The data is organised as 8 stems (individual instrument tracks) as the inputs and a single mixture of the stems as the target (all have sr=44100
). I want to find the most energetic 2s section of the mixture track and crop all tracks (input and mixture) this specific 2s part. I'm mainly using librosa in my data preparation but I'm unsure what functions to use to find the start point of the loudest (I understand this is ambiguous) 88200 sample segment (2s).

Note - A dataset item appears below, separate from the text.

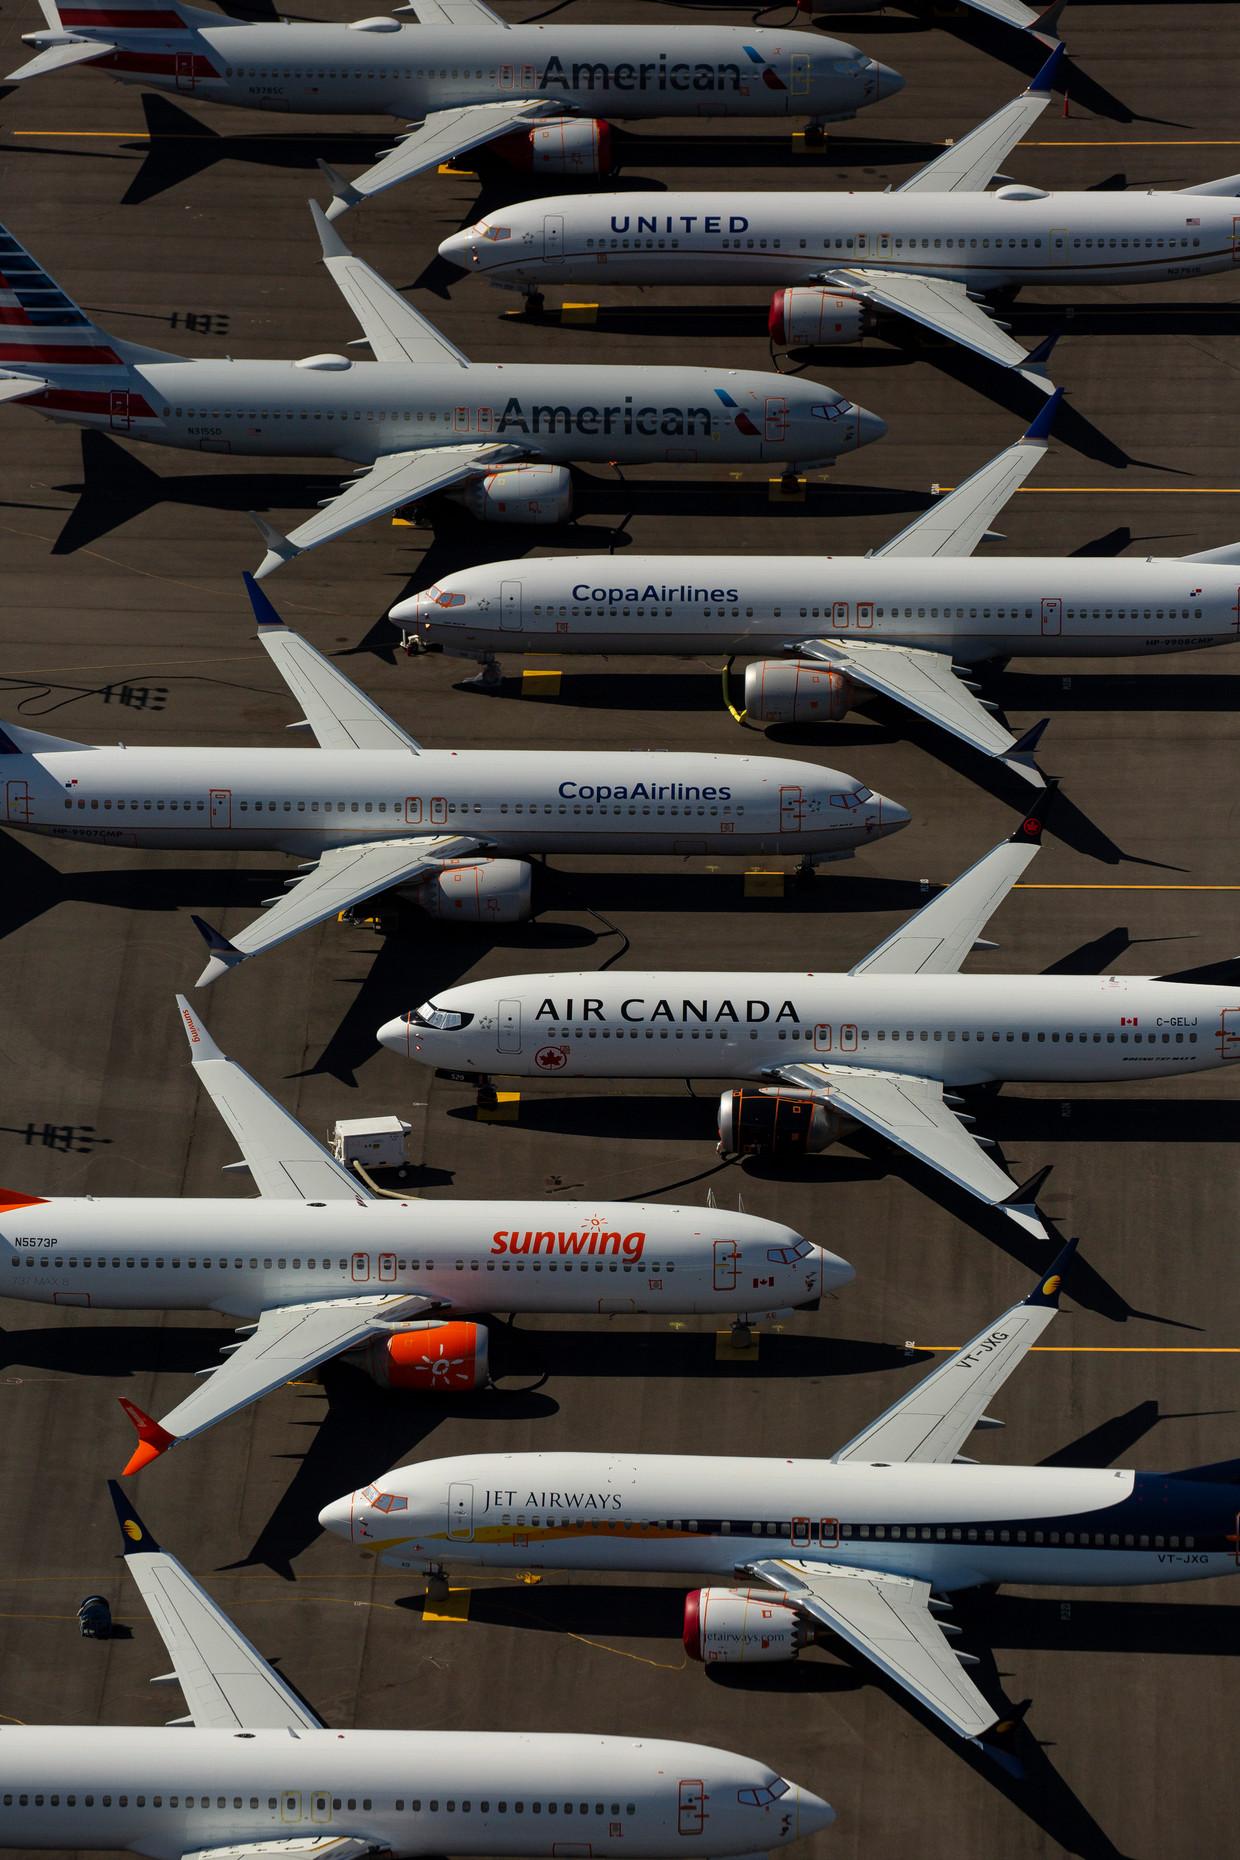 737 Max-vliegtuigen op een vliegveld in Seattle, waar Boeing toestellen stalt voor ze naar de klant gaan. Vanwege het vliegverbod blijven tientallen toestellen staan, waardoor Boeing ze nu noodgedwongen plaatst op de parkeerterreinen rond zijn fabriek in het nabijgelegen Renton.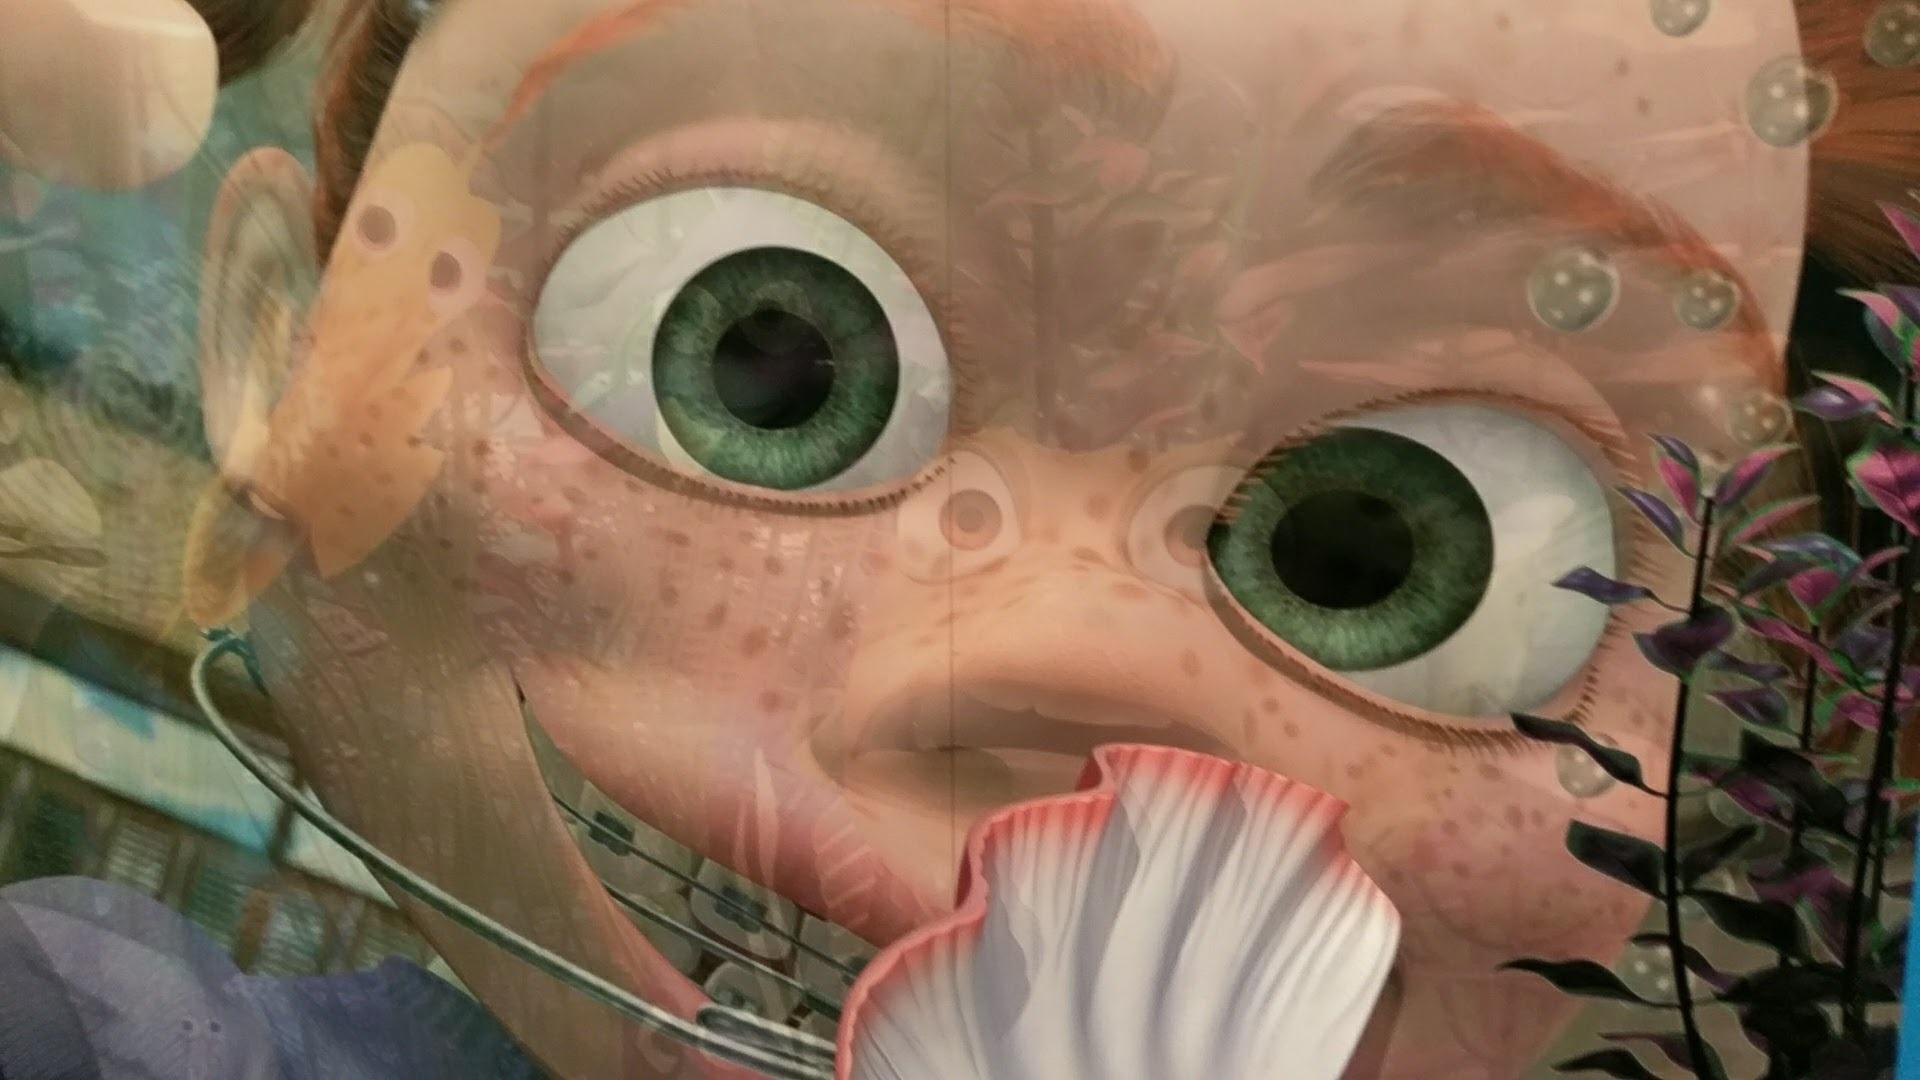 ディズニー35周年画像 ミッキー達の新コスチュームがお披露目されたぞ

If I am following the question well enough, the below code might be useful as a starting point. It takes in one sound file and locates where it is "loudest" (as you allude to in the question, defining what bit is loudest is not entirely straight-forward) using librosa.feature.rms
and then cuts a two second slice out of the original sound file centered on that point:
import librosa
FILENAME = 'soundfile.wav' # change to path of your sound file
FRAME_LENGTH = 2048
HOP_LENGTH = 512
NUM_SECONDS_OF_SLICE = 2
sound, sr = librosa.load(FILENAME, sr=None)
clip_rms = librosa.feature.rms(y=sound,
frame_length=FRAME_LENGTH,
hop_length=HOP_LENGTH)
clip_rms = clip_rms.squeeze()
peak_rms_index = clip_rms.argmax()
peak_index = peak_rms_index * HOP_LENGTH + int(FRAME_LENGTH/2)
half_slice_width = int(NUM_SECONDS_OF_SLICE * sr / 2)
left_index = max(0, peak_index - half_slice_width)
right_index = peak_index + half_slice_width
sound_slice = sound[left_index:right_index]